There are several ways in which proto-oncogenes can become cellular onco­genes, and radiation can cause at least two of them. In some cases, a deletion of part of a gene can cause it to become activated without normal regulation, and since radiation is good at deleting sections of DNA, it can activate oncogenes in this way. Another way is by producing reciprocal translocations. Recall that these occur when two different chromosomes are broken but the wrong pieces are stuck back together by DNA repair (NHEJ), and the DNA is criss-crossed from the two chromosomes so that each chromosome contains part of the other chromosome. A famous example of this is known as the “Philadelphia chromosome,” which the cytogeneticist Janet Rowley discovered is a reciprocal translocation between chromosomes 22 and 9 so that a piece of chromosome 9 is on 22 and a piece of 22 is on 9 (19). This particular chromosomal rearrangement is commonly found in a cancer known as chronic myelogenous leukemia (CML).
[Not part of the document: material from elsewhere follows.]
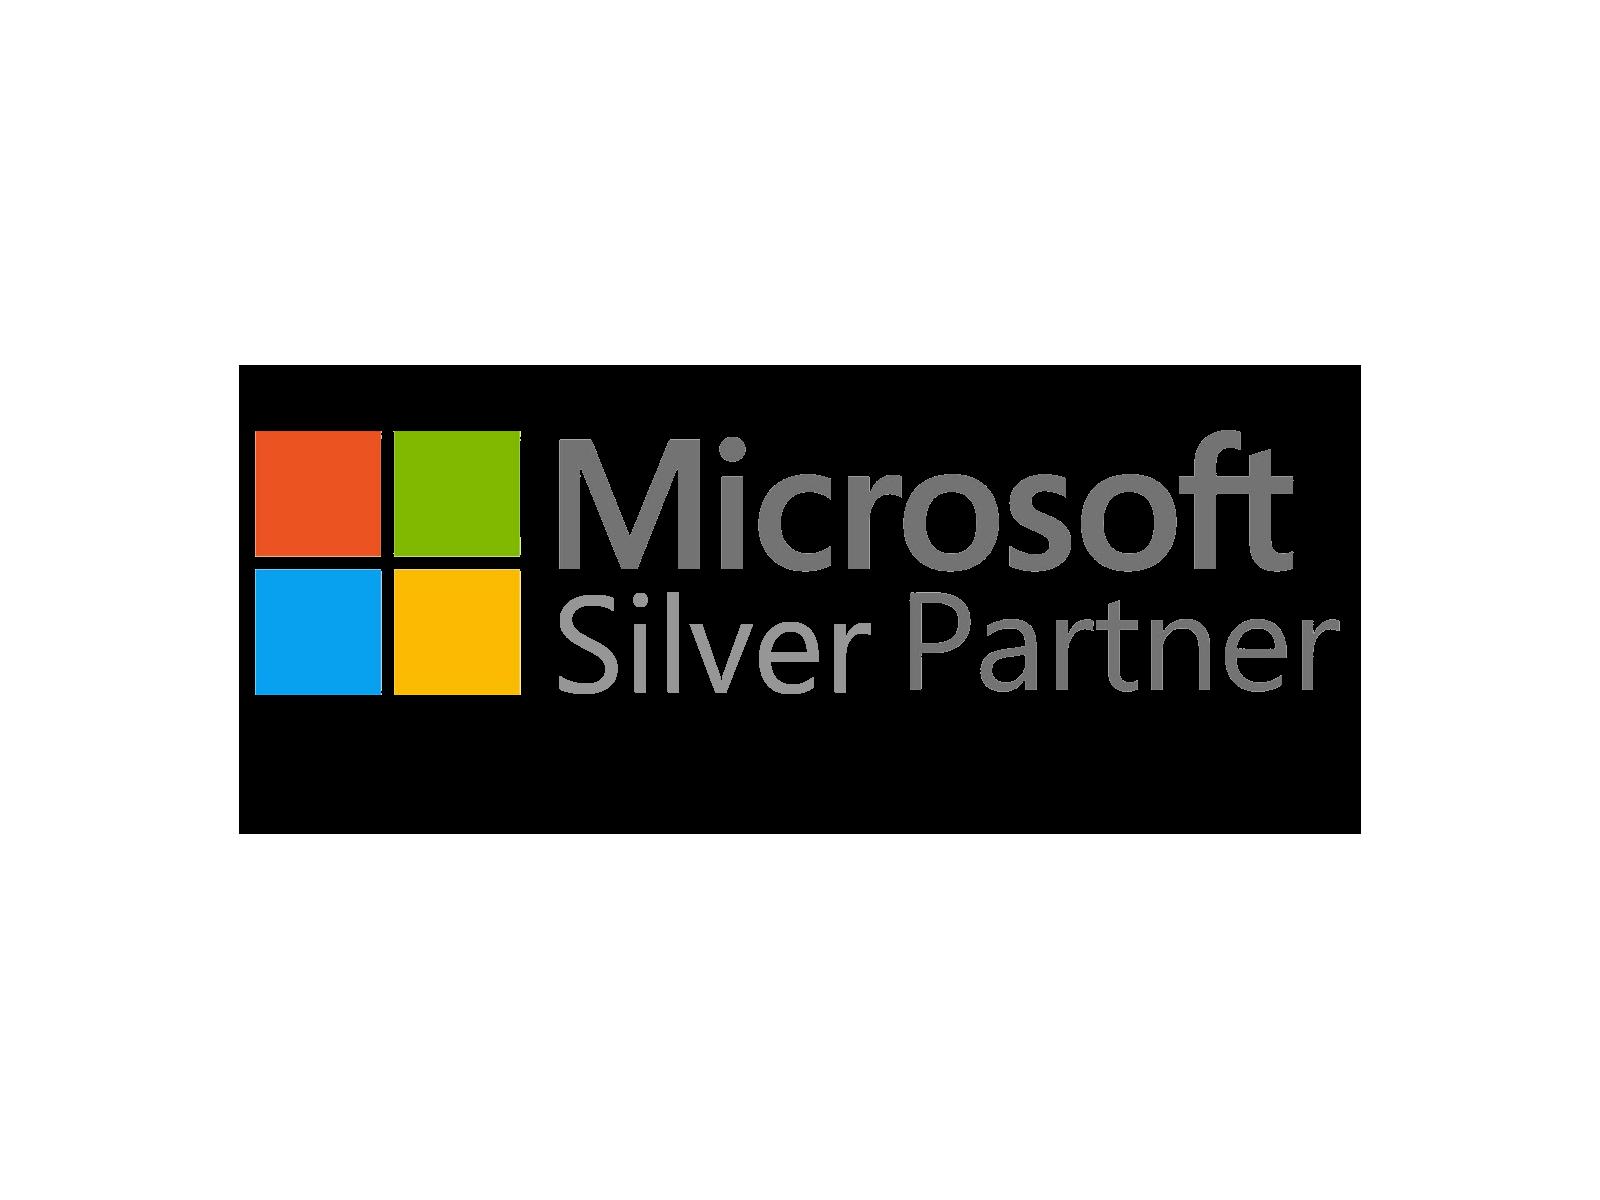 microsoft-silver-partner.1600.1200.0.1.t

But how can that cause a problem, since the total amount of DNA and the genes are preserved? The prob­lem is that this exact fusion of pieces of different chromosomes creates a chimeric gene known as bcr-abl that makes a new kinase, which phosphorylates proteins and causes cells to grow abnormally. Another cancer known as B-cell lymphoma is caused by the reciprocal translocation of chromosomes 14 and 18. In this case, the gene that is activated is a gene called bcl-2 that prevents lymphocytes (white blood cells) from dying in the process called apoptosis, so they keep multiplying and cause cancer (17).